We rounded a corner and approached a giant hole in the river bed. Hundreds of bubbles emerged through the limestone - the exhalations of other divers being expelled from the cavern below. My heart pounded harder as we drew near to the entrance. This was the cave at Ginnie Springs.

I followed my team mates down through the hole and found the thick, braided golden-yellow rope that marked the route into the cave. Already I could feel the current in my face. As the water rushed past, I got low to the limestone floor and frog-kicked against the flow, more thankful than ever that my gear was streamlined. Ahead of me, my instructor had pulled out of the stream and tucked himself behind a rock wall. He gestured that I should do the same. We had passed through the Eye.

One by one, we pulled out from the protected crevice and entered The Gallery. The flow was slowest in the boundary layer near the ceiling, so I followed my instructor upward and frog-kicked hard. A few minutes later, we were pulling around another corner and facing The Lips. I knew this part – I was going to have to keep my head low and pull with my hands. I tried not to use my feet, first because I knew it was useless, and second because I didn’t want to kick my husband behind me. As we emerged from The Lips, there was a hard left turn, and then we reached The Park Bench – a large, flat rock. We stopped for a few minutes, and I caught my breath. Diving is a sport, after all.

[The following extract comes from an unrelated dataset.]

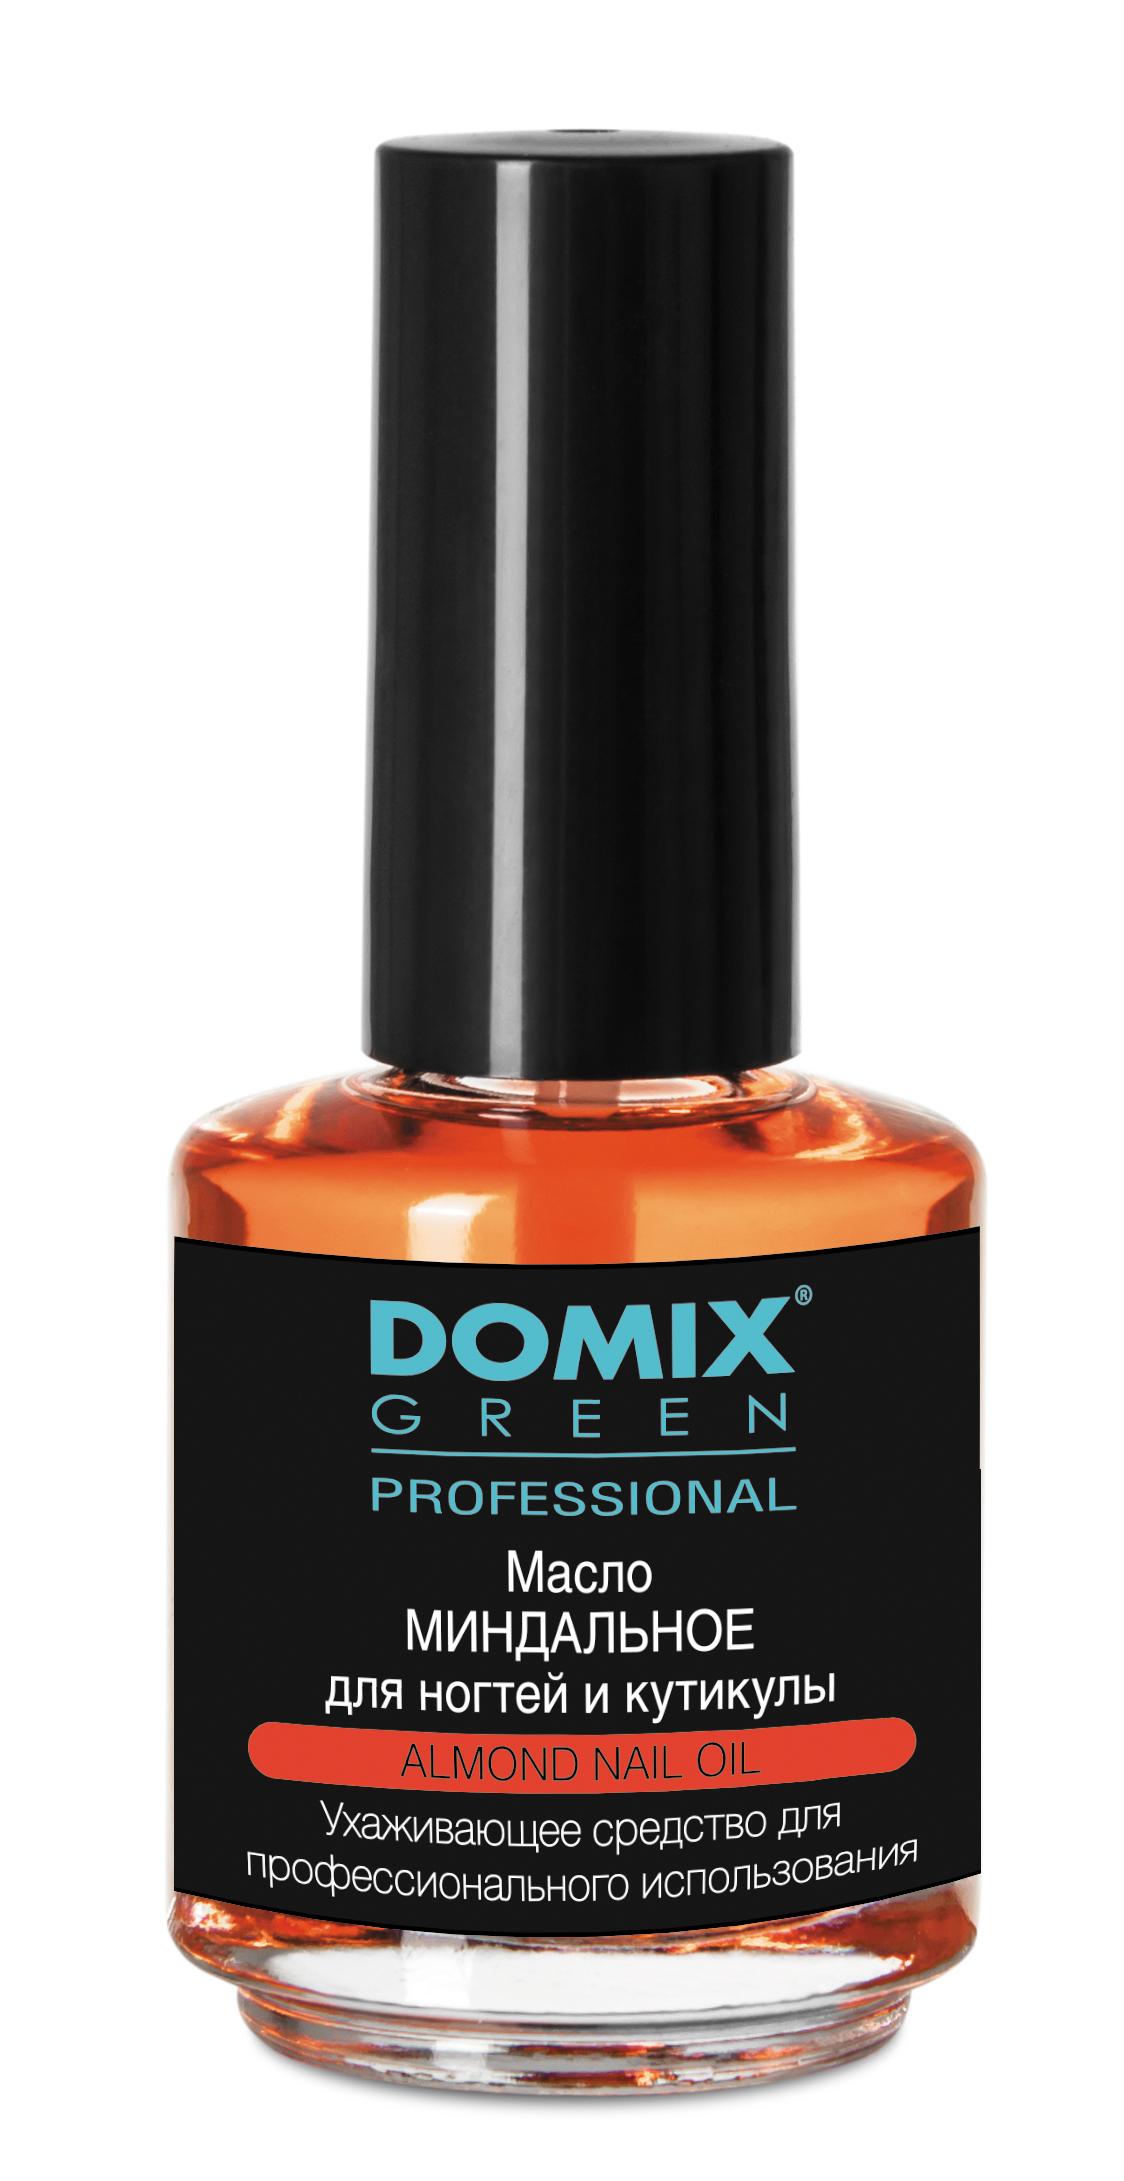 DOMIX GREEN PROFESSIONAL Масло миндальное для ногтей и кутикулы / DGP 17 мл

After this point, it was supposed to get easier – and thankfully it did. We installed our own spool to connect the gold line to another line leading off to the right. This was the start of our circuit, and I was excited to explore. At one point in the cave, we found a room full of fossils – sea biscuits and snail shells embedded in the rock. My instructor pointed out white amphipods and a clear shrimp as we swam - so cool! Two hours and a couple thousand feet later, we were back on the gold line, and I saw my spool in the distance! It was surprisingly satisfying to complete the circuit.
Carl and I on the decompression shelf at Ginnie Springs.
Photo by Rob McGann.

From the Park Bench, we arranged ourselves single file. I could feel the current on me – on my feet this time, not my face. I held on as long as I could, but eventually, my fingers gave way. The cave was spitting me out. We rounded the corner and revisited features I recognized – The Lips, The Gallery, that little spot behind the rock wall. Near the entrance to the cave, my husband tucked himself onto a white rock shelf and settled down for his decompression stop. It looked like a good idea, so I followed him in, and we made ourselves negatively buoyant. It was like a nap – a much deserved rest after swimming more or less for 3 hours.

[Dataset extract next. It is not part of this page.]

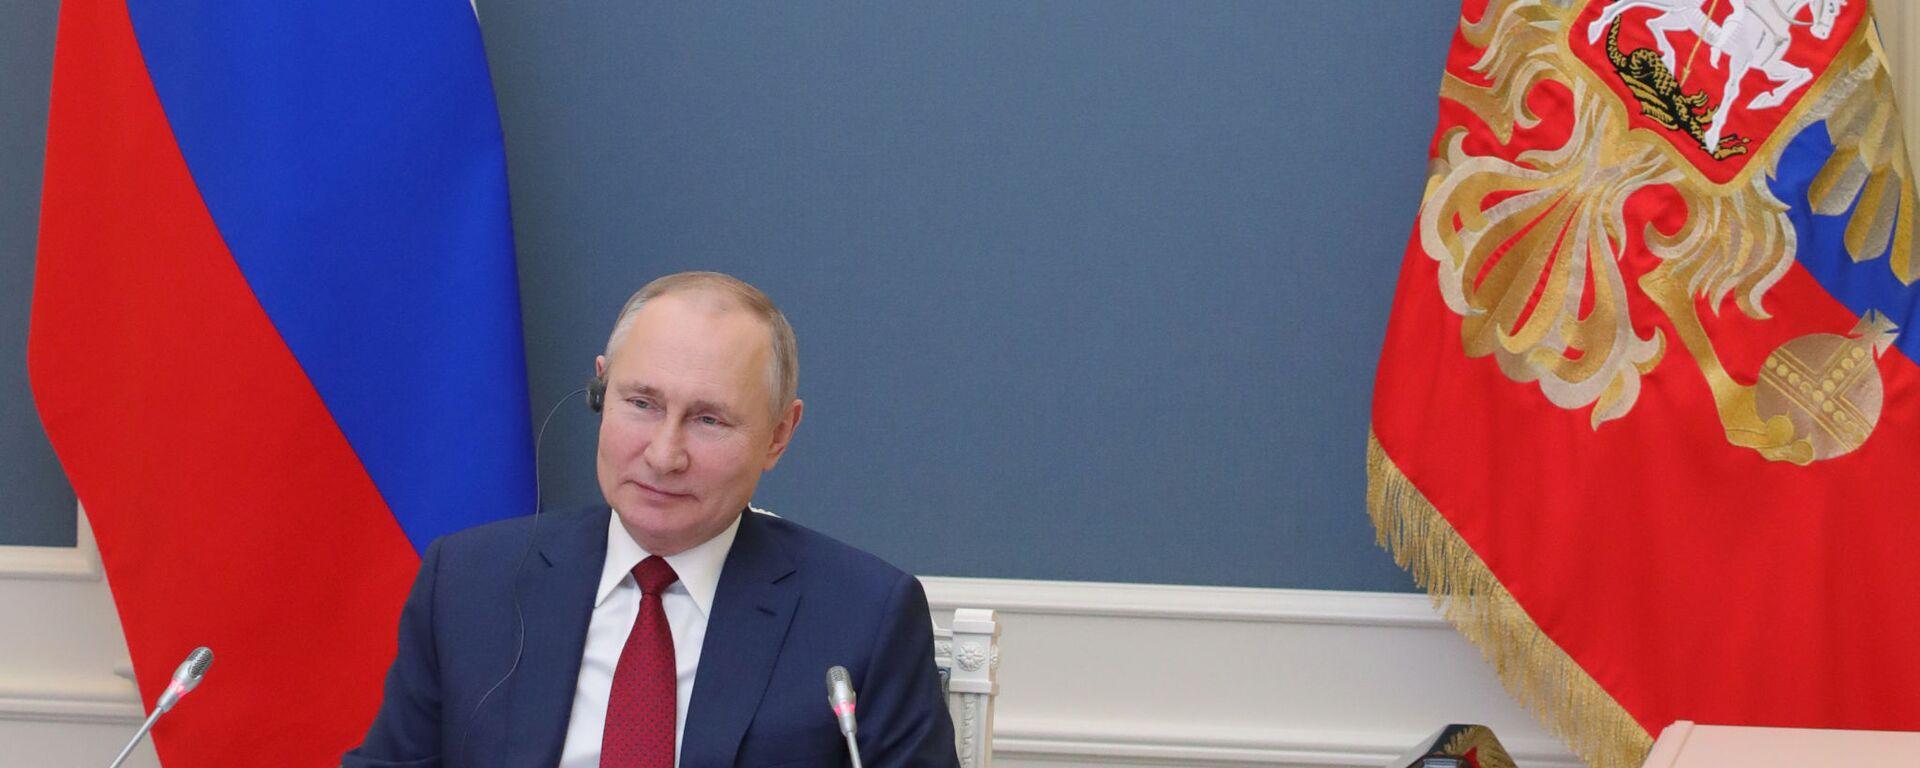 L'intervento di Putin al World Economic Forum di Davos - Sputnik Italia, 1920, 13.06.2021

As we emerged from the cave, the blue-green light surrounded me. I noticed snails on the side of the basin – three different species, actually. A catfish wriggled past. Before I knew it, I was back near the surface, pushing myself with my fins. Swimmers splashed overhead, and as I climbed the stairs out of the river, I could hear distant salsa music from somebody’s picnic. It was a good day at Ginnie Springs.

[I’m currently taking a cave diving class on vacation in Florida, but the caves are cool enough, I had to share!]